El tipo no se sentó en el sofá, fue depositado; quien sabe cuándo, quien sabe de qué manera. La única fuerza que se adivina en su cuerpo es la del estómago intentando agrandar los agujeros de una camiseta vieja. Signos vitales: un parpadeo por minuto. Los ojos vidriosos y secos reposan fijos sobre la pantalla del televisor. Tiene la mirada perdida y la cabeza levemente ladeada. Viste un pantalón pijama desteñido y abandona los pies dentro de dos ojotas de cuero marrón ajadas y mugrientas. Cada media hora se hurga en la oreja derecha y luego examina la uña. La mujer le habla sin pausa mientras se desplaza de un rincón a otro por toda la casa, acomodando un platito con un mal dibujo del Coliseo, quitándole el polvo a una figura del Mundialito '78. Mientras limpia se queja de los precios que tienen los chinos de la vuelta, de la vecina que es una cualquiera; de los pibes de la vuelta, que son unos atorrantes; del perro de José, y de por qué alguien no lo mata de una buena vez así se deja de joder. Insulta. De a ratos le grita a él, porque dice que se la pasa viendo la tele con cara de estúpido. Le recrimina el futuro brillante que hubiera podido tener si en lugar de casarse con él hubiera estudiado dactilografía en La Pitman. Como todos los días, repasa puntillosamente la manera en que le hizo desperdiciar su juventud. Entonces el tipo hincha el pecho y eructa de una manera asquerosamente débil, no con la potencia sonora de un macho que marca territorio, sino con la repugnancia del abandono. La mujer, iracunda, alza la voz y lo insulta con fiereza. En cuanto ella le da la espalda para continuar limpiando y quejándose de la porquería de marido que tiene, en él se dibuja una pequeña sonrisa de satisfacción.

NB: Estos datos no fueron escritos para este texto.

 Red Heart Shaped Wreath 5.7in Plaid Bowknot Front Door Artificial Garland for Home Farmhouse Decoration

No está muerto después de todo.
Él se replegó sobre sí mismo. Se encuentra sitiado por la bravura de aquella bárbara que blande una cuchara de madera, que dispara una nube de quejas y catapulta insultos. Él se retiró para establecer el sitio muy profundo tras los muros de sus intestinos. No se abandonó al extinguirse la llama de la juventud, sino que eligió con la sabiduría de su edad. Resiste con una especie de hibernación anímica. Nadie sabe lo que piensa. Todos creen que hace rato dejó de pensar, pero en su interior se retiró a meditar en la soledad de una montaña. Deja fluir las cosas, las deja ser, también la deja ser a ella, a su esposa. Deja que todo fluya, como cuando se le cae sobre la camiseta la salsa de los ravioles. Logró una especie de estado de Nirvana donde no es alcanzado por nada, como si fuera parte de un todo armónico.

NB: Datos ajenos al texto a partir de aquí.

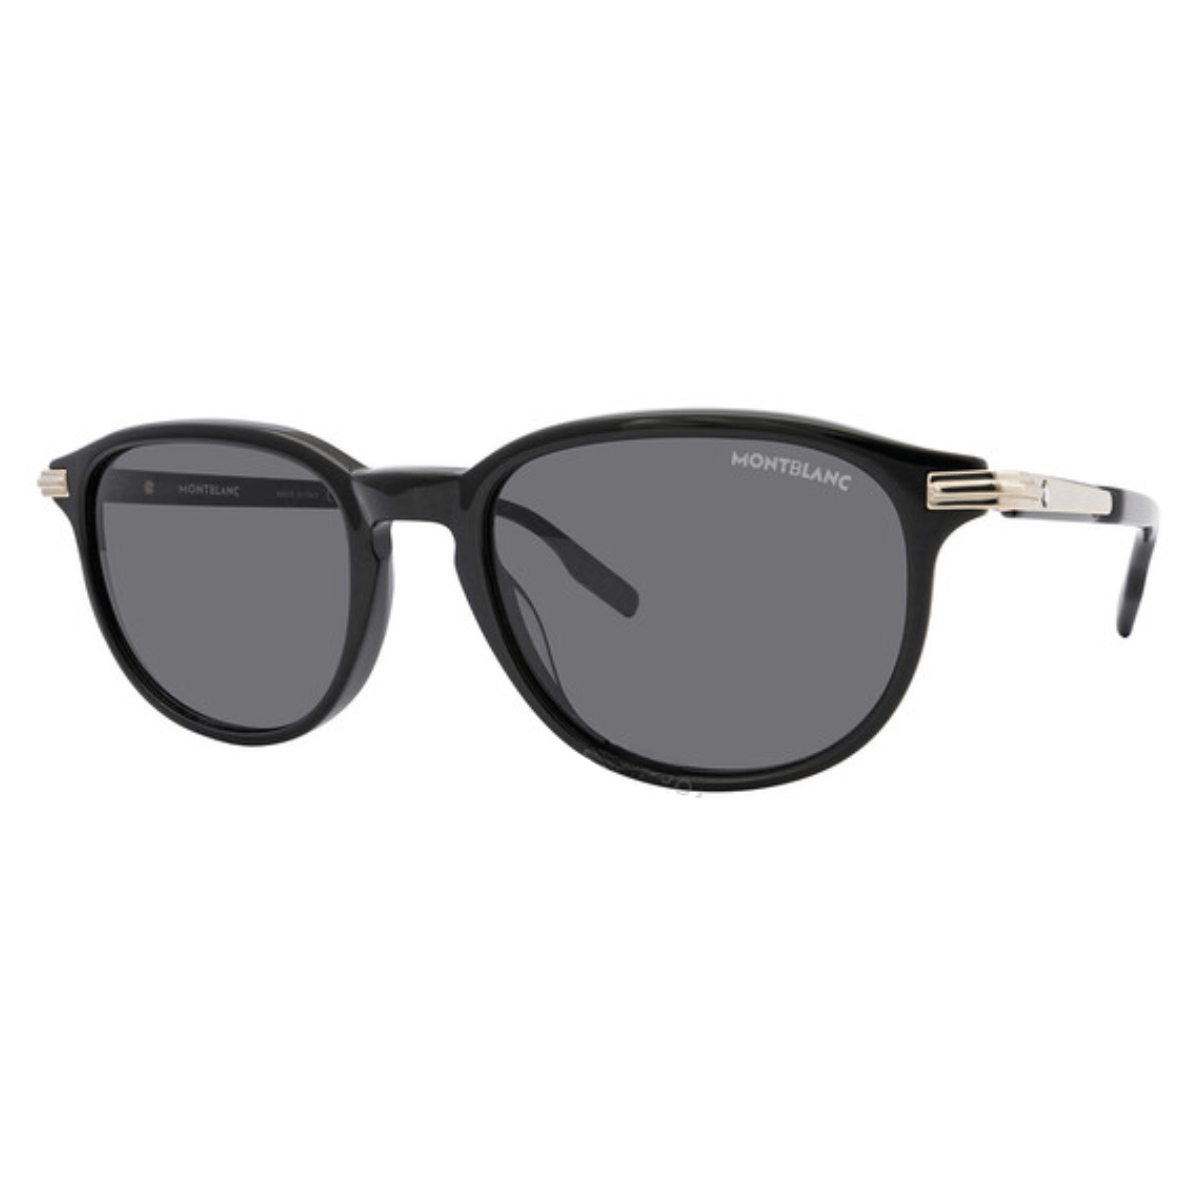 "Discover Mont Blanc MB0276S Sunglasses for Men & Women at Optorium. Stylish black and gold design with non-polarized grey lenses for the ultimate summer look"

Sólo de vez en cuando se permite una breve satisfacción mundana: Cruza los muros, baja de su montaña y se acerca al mundo, reconoce a su esposa y eructa de una manera asquerosamente débil, porque sabe que a ella le molesta mucho más de esa manera, y luego entonces vuelve a su montaña con regocijo para continuar meditando.